Простру ли отсюда взоры свои вокруг себя на ближние окрестности селения и жилища моего, как всюду встречаются с ними другие предметы, подающие также новые поводы к приятным чувствиям и помышлениям утешительным. Здесь вижу я обжирные ограждения, вмещающие в себя миллионы былиев зеленых, вышиною деревцам подобных. В кудрявых глазах их созревали уже гладкие зерны, долженствующие снабдить меня нужного елея изобилием многим, а на тонких и гладких стволах их вызревала уже та тонкая кожа, которая толико нужна нам и другим собратиям нашим, что многие отдаленные народы переплывают моря обширные и подвергают свою жизнь опасности для приежжания к нам за нею и для привоза взамен оной в страны наши тех избытков и плодов своих, какие у нас народятся и которые нам тысячи выгод и приятностей доставляют. Все ограждения вокруг произрастениев сих вижу я, унизанное желто-зелеными снопами, связанными из других подобных им, но меньший и нежнейший рост имеющих произрастений. Сии готовили также на тонких стволах своих нежную кожицу на пряди, долженствующие получить некогда белизну, подобную снегу, и служить для сотыкания из них одежд мягких и первейших нам.

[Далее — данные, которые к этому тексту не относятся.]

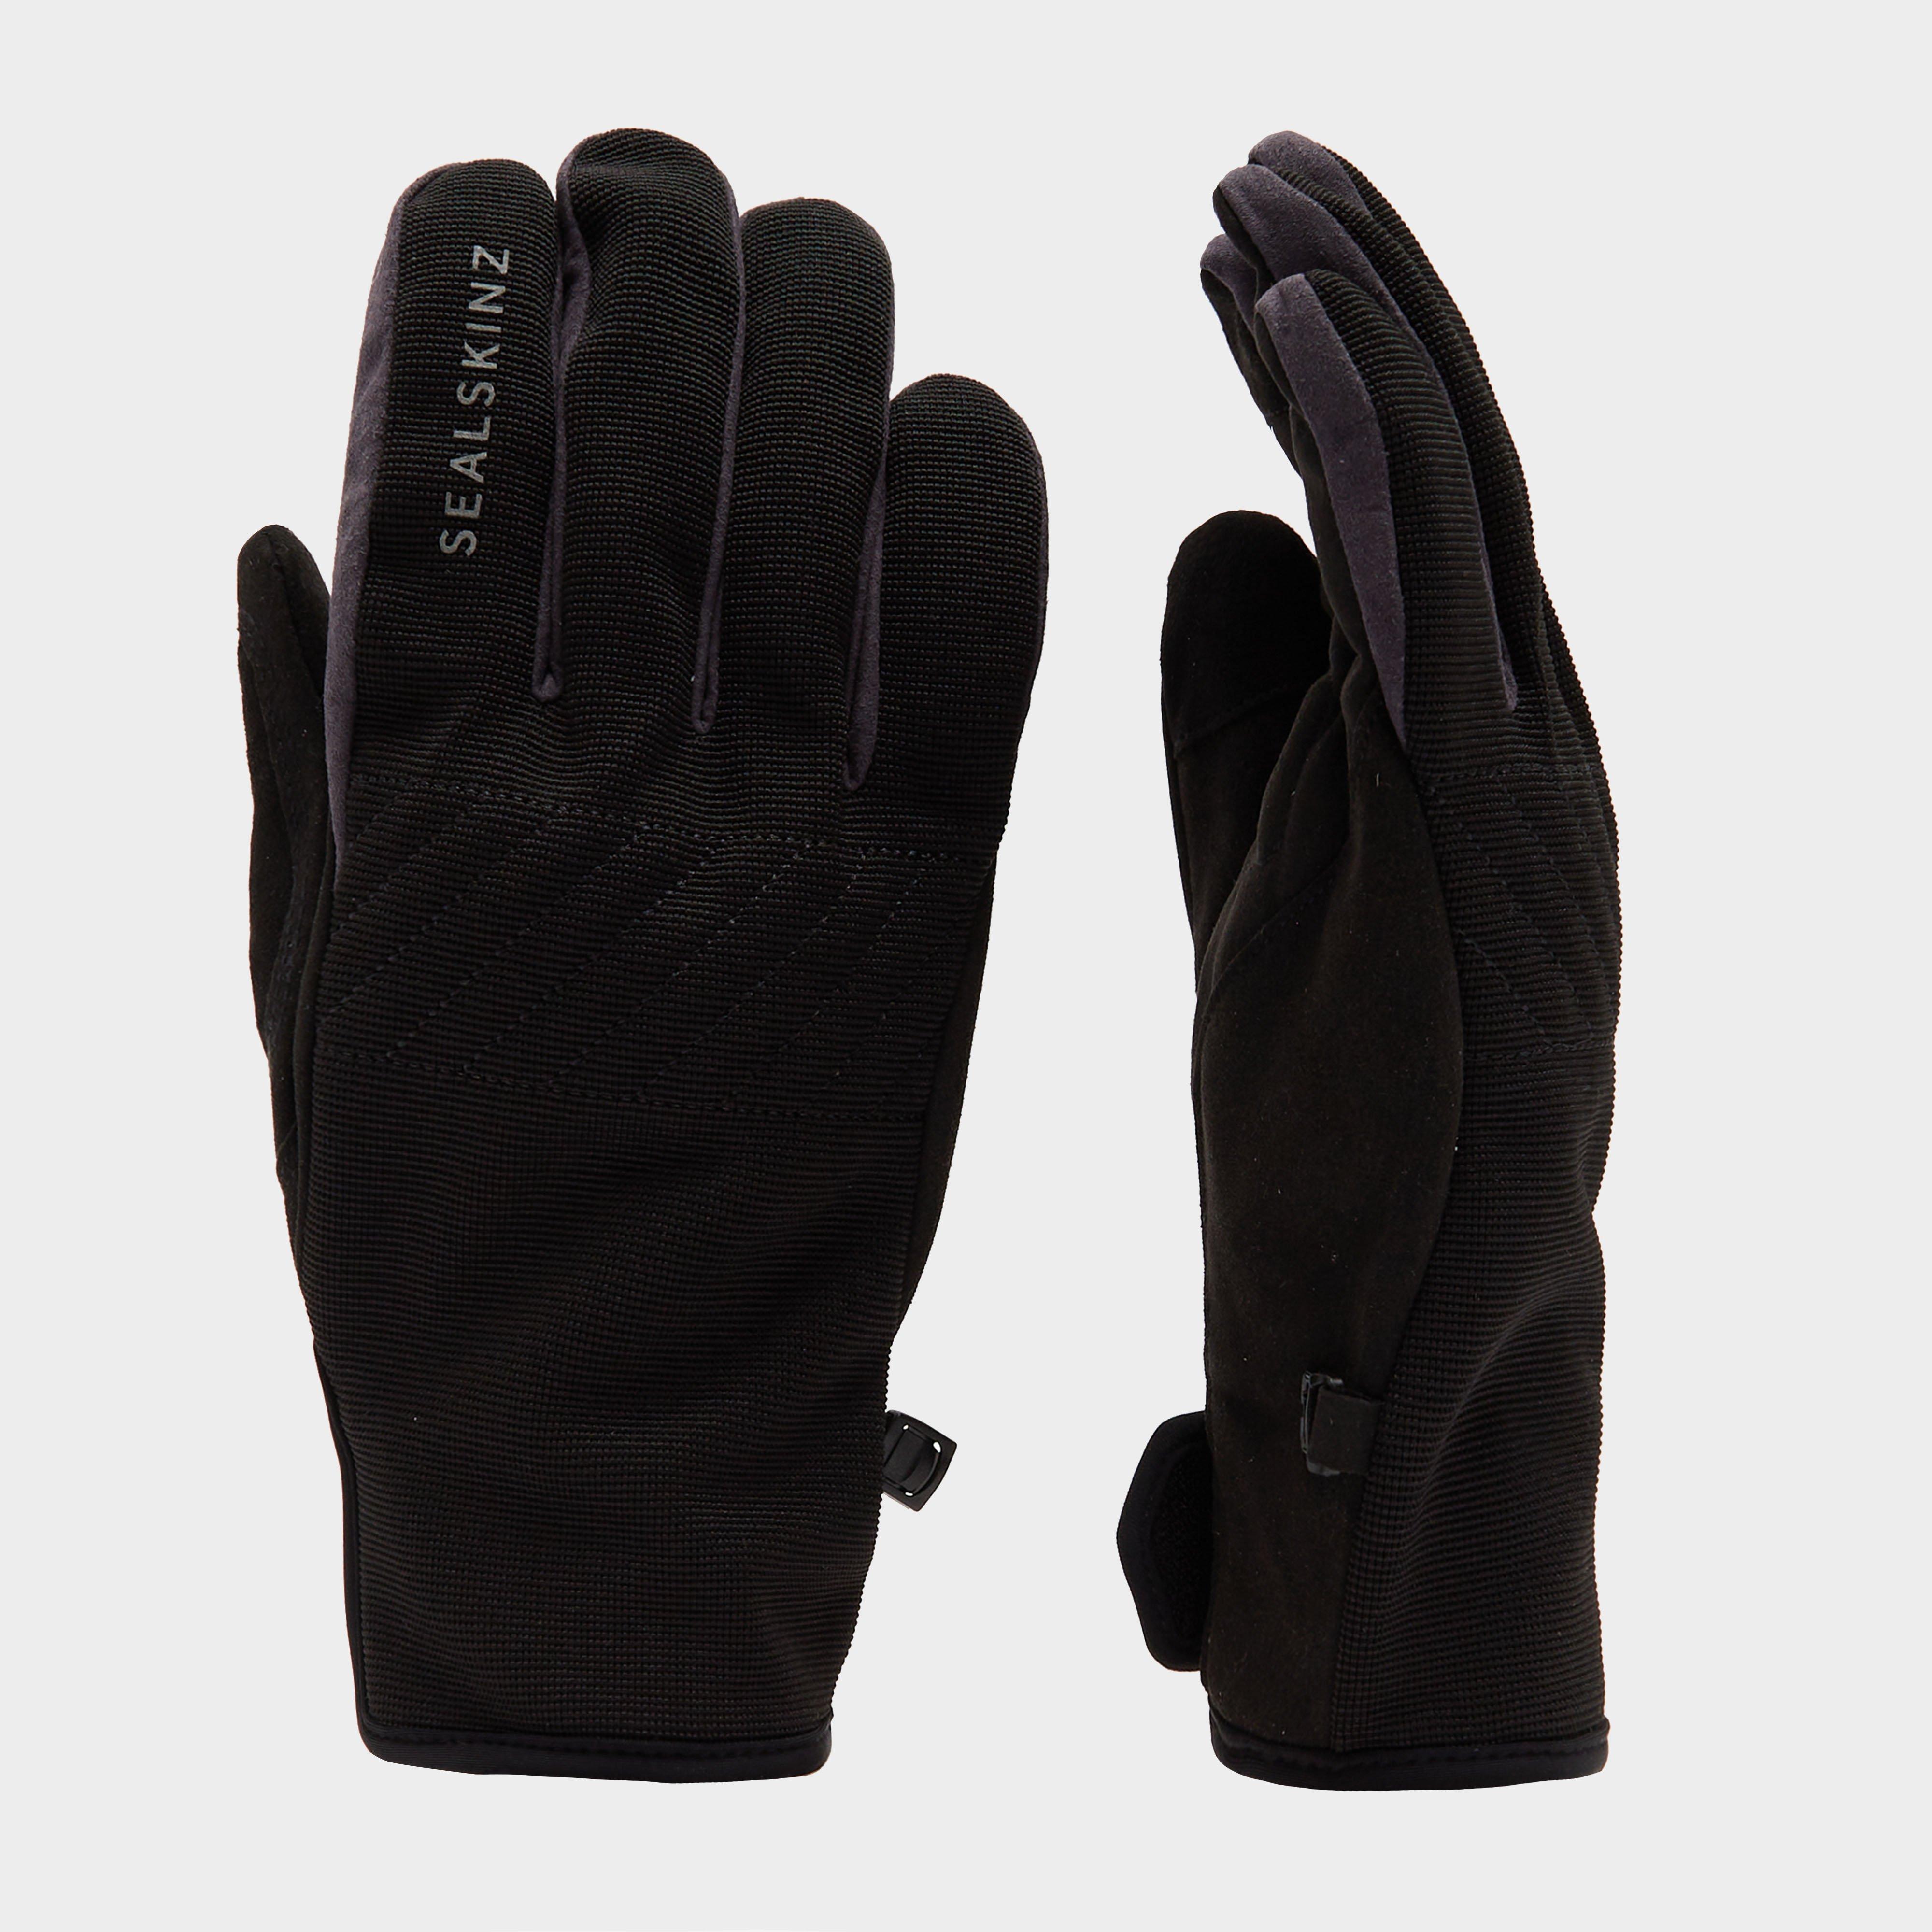 Sealskinz Multi Activity Glove - Black/glove  Black/glove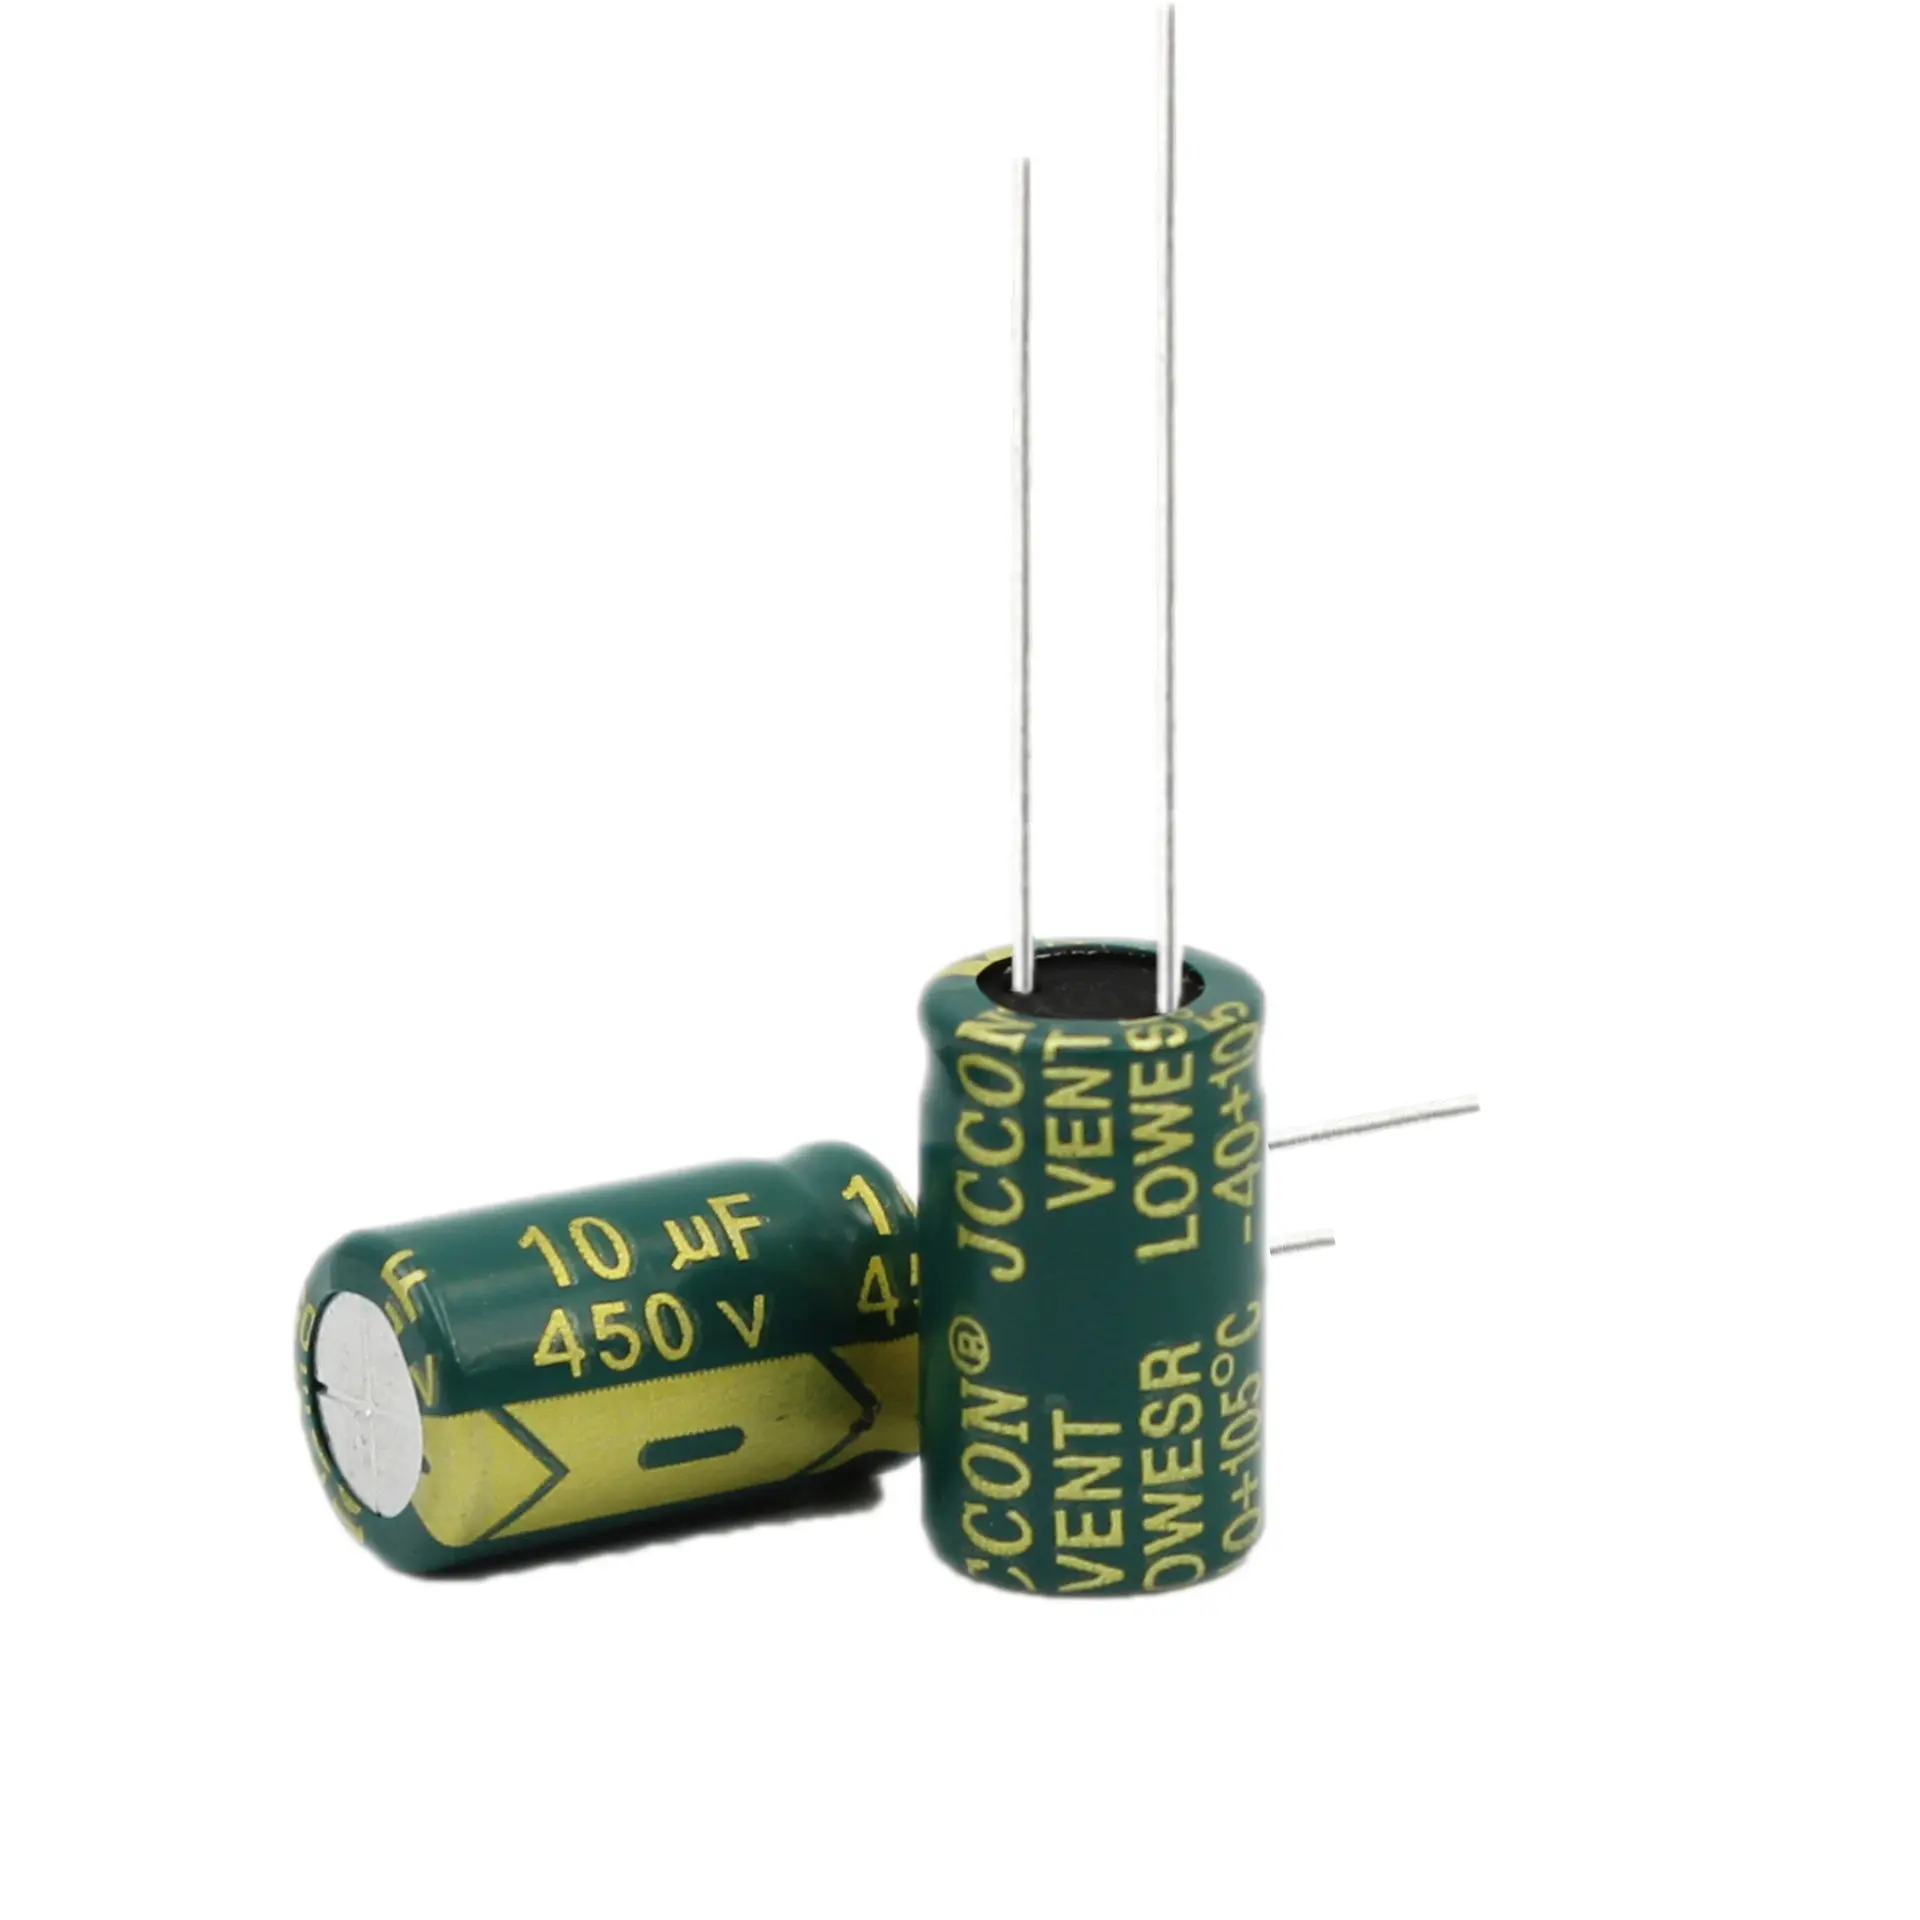 Haut-parleurs système audio condensateurs électrolytiques sonores 450V10UF adaptateur onduleur condensateur électrolytique en aluminium 450V 10UF

Простирая взор свой далее, вижу я целые леса из произрастений длинных, гибких и вьющихся по тычинам высоким. Все они унизаны сплошь превеликим множеством чешуйчатых головок, толико нужных нам для придавания некоторым из питей наших нужной прочности и вкуса. Светло-желтый колер и ароматический пряный запах, достигающий от них до обоняния моего, возвещает мне, что и они достигли уже до своего созрения и совершенства и готовы уже и с их стороны умножать собою дары, сниспосылаемые нам натурою в сие время.

Вблизи подле их пленяет взор мой иное ограждение, вмещающее в себе ряды громад, воздвигнутые из снопов класистых, которыми одарили меня поля мои. С каждым днем умножается в сие время количество оных, и они, вырастая ровно как из земли, утешают ежедневно зрение, а вкупе и дух мой. Мысль, что к созиданию пирамид сих, которые произведут мне некогда толь многоразличные пользы, всего меньше требовалось и употреблено было собственного моего труда, что они воздвигнуты руками многих других сочеловеков моих, что трудов требовалось от них превеликое множество к тому прежде, нежели могли они приттить в состояние сие, что изнемогали не один раз притом руки их, и истекла не одна капля пота с чела их, что с моей стороны потребно было единое хотение и произношение немногих только слов устами моими, что благодетельная воля небес, освободив меня от трудов, толь многих и тяжких, предоставила мне только пользоваться дарами и сокровищами сими и что преимуществом толико важным одарила меня по единому произволу своему, без всяких моих заслуг и права к тому… Мысли сии и тому подобные растрогивают всю душу мою и производят в ней ощущания, колико сладкие и приятные, толико ж и благодарственные к виновнику всех благ и распоряжателю судьбами нашими.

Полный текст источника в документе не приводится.